I called the latest gpt-4 model, but through asking questions I found that the data training date was inconsistent with the API description

Why is the data date returned by the model inconsistent with the official document?

Hello. This is likely what’s known as hallucination - or the LLM giving wrong information.

1 Like

I did several probes, and the AI didn’t come up with anything I could find to justify the documentation being advanced beyond April. It might be very niche knowledge like some code libraries or a particular news feed if something was added.

1 Like

To be fair it does say the “training data” is up to Dec 2023, not model knowledge.
Perhaps it’s just chats themselves that were used in the training data, or synthetic data.
Who knows :man_shrugging:

I agree though, nothing I’ve seen suggests it knows about events or information from after April 2023.

Why is the previous version of the model correct?
Will the hallucination always exist? Or probability?
I asked questions more than once

Why is the previous version of the model (gpt-4-1106-preview) correct in answering the same question?

There are still problems with this statement.
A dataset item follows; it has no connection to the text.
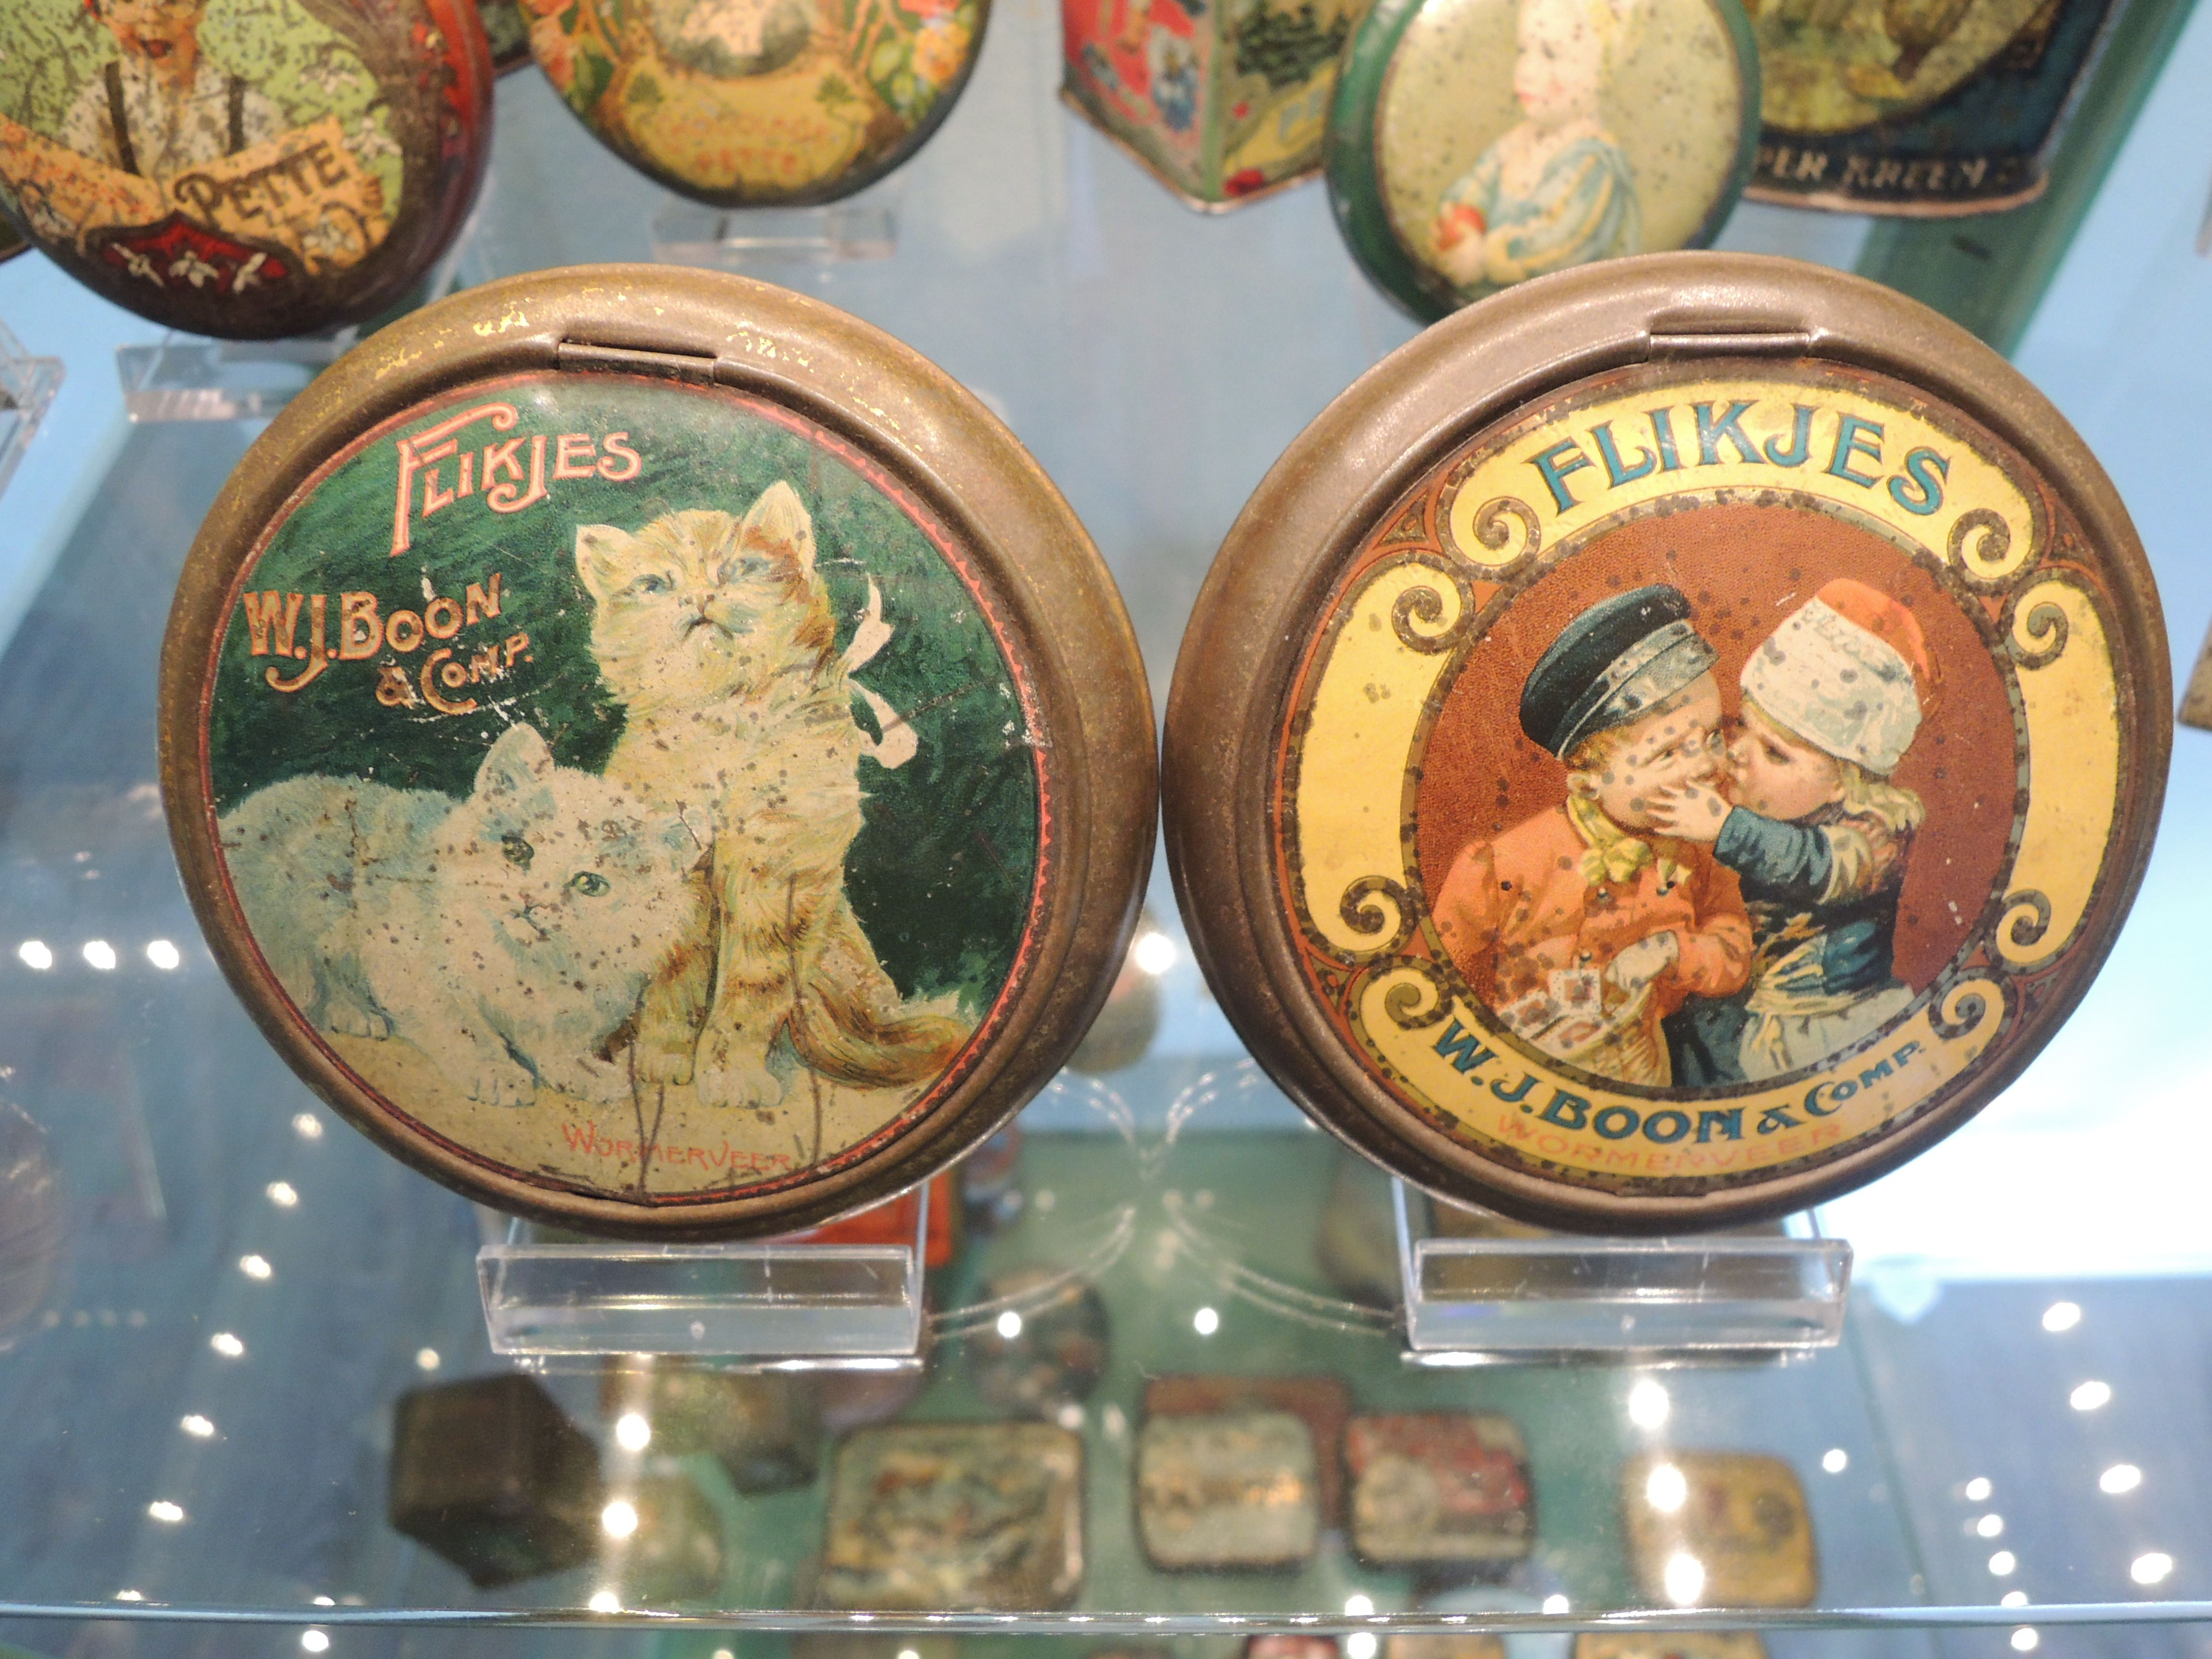 Love my tins from W.J. Boon, flikjes
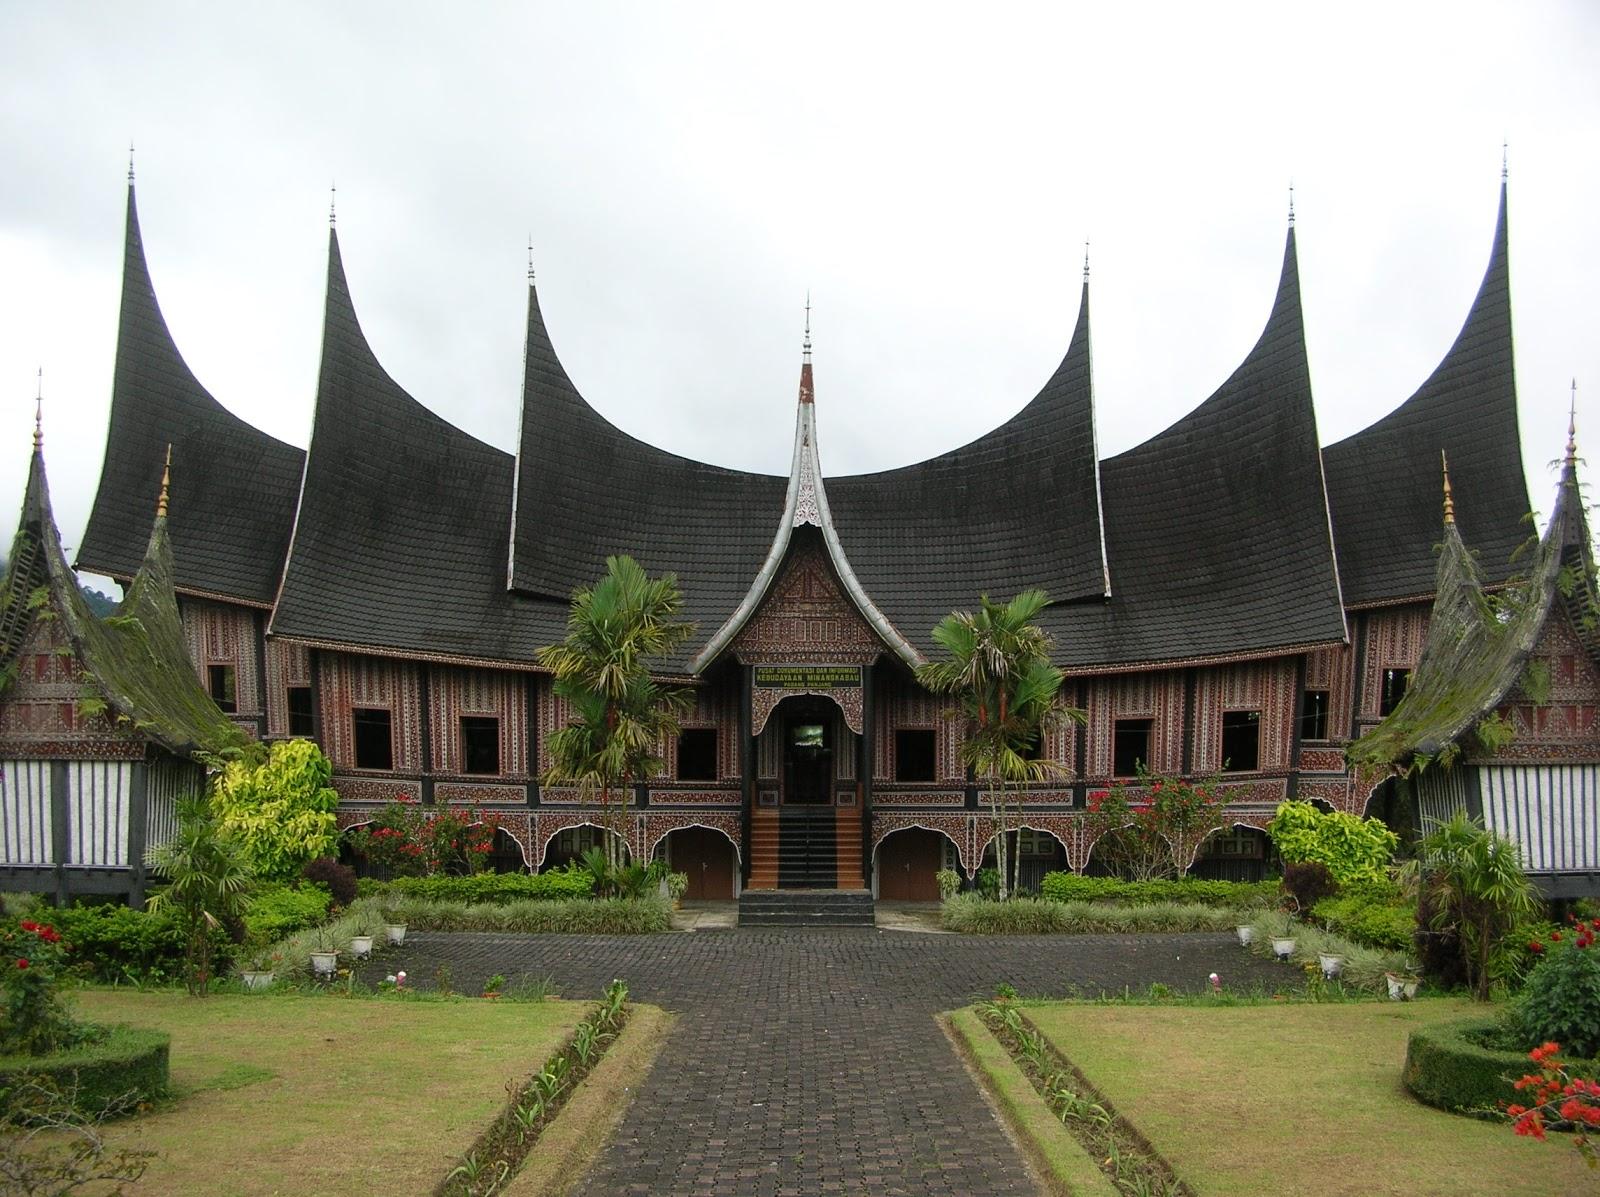 Rumah Tradisional Minangkabau

Since the date is mentioned in the answer, it means that the correct date should be answered.

This is not something people wanna hear, but it is my opinion that models shouldn’t be asked or used to recall factual information.

As such, the training cutoff is almost completely irrelevant.

I don’t know if there’s anything here to fix, other than taking the information out of the training set completely. “Fixing” these “issues” consistently make the models worse.

If you run the model a bunch of times, you’re gonna get different results:

gpt-4-0125-preview, temp 1, top_p 1


when was your training cutoff?


My training data includes information up until late September 2021. Therefore, any events or developments occurring after that time won’t be reflected in my responses.

My training data was last updated in April 2023.

My training data includes information up until April 2023. Please note that my responses are based on the information available up to that point.

My training data includes information up until September 2021. Therefore, any events, developments, or notable changes occurring after that date would not be reflected in my responses.

so it’s not inconsistent with the documentation, it’s not consistent at all.

Why is the previous version of the model (gpt-4-1106-preview) correct in answering the same question?
You understand the user’s actions or use more random rows.
In the Q&A with the latest date of multiple design training data, model gpt-4-1106-preview’s reply date is consistent with the API


what do you mean? and even if it was, it would just mean that they added it to the training data. if updates to the models are just continuations of previous checkpoints, then they’re just adding new crap on top of old crap, and eventually the data becomes inconsistent. hence it probably shouldn’t have been done in the first place, unless it magically improves model reasoning somehow.

Before gpt-4-0125-preview was released,
At that time, when my user used gpt-4-1106-preview to ask questions about data training time, the date of the reply was consistent with the date in the model gpt-4-1106-preview description!!

your user probably got lucky!

1 Like

Maybe it’s not just luck

I have developed GPT based on the OpenAI API since the end of February 2023, and it has been running stably on a small scale, so what I said is well-founded, okay?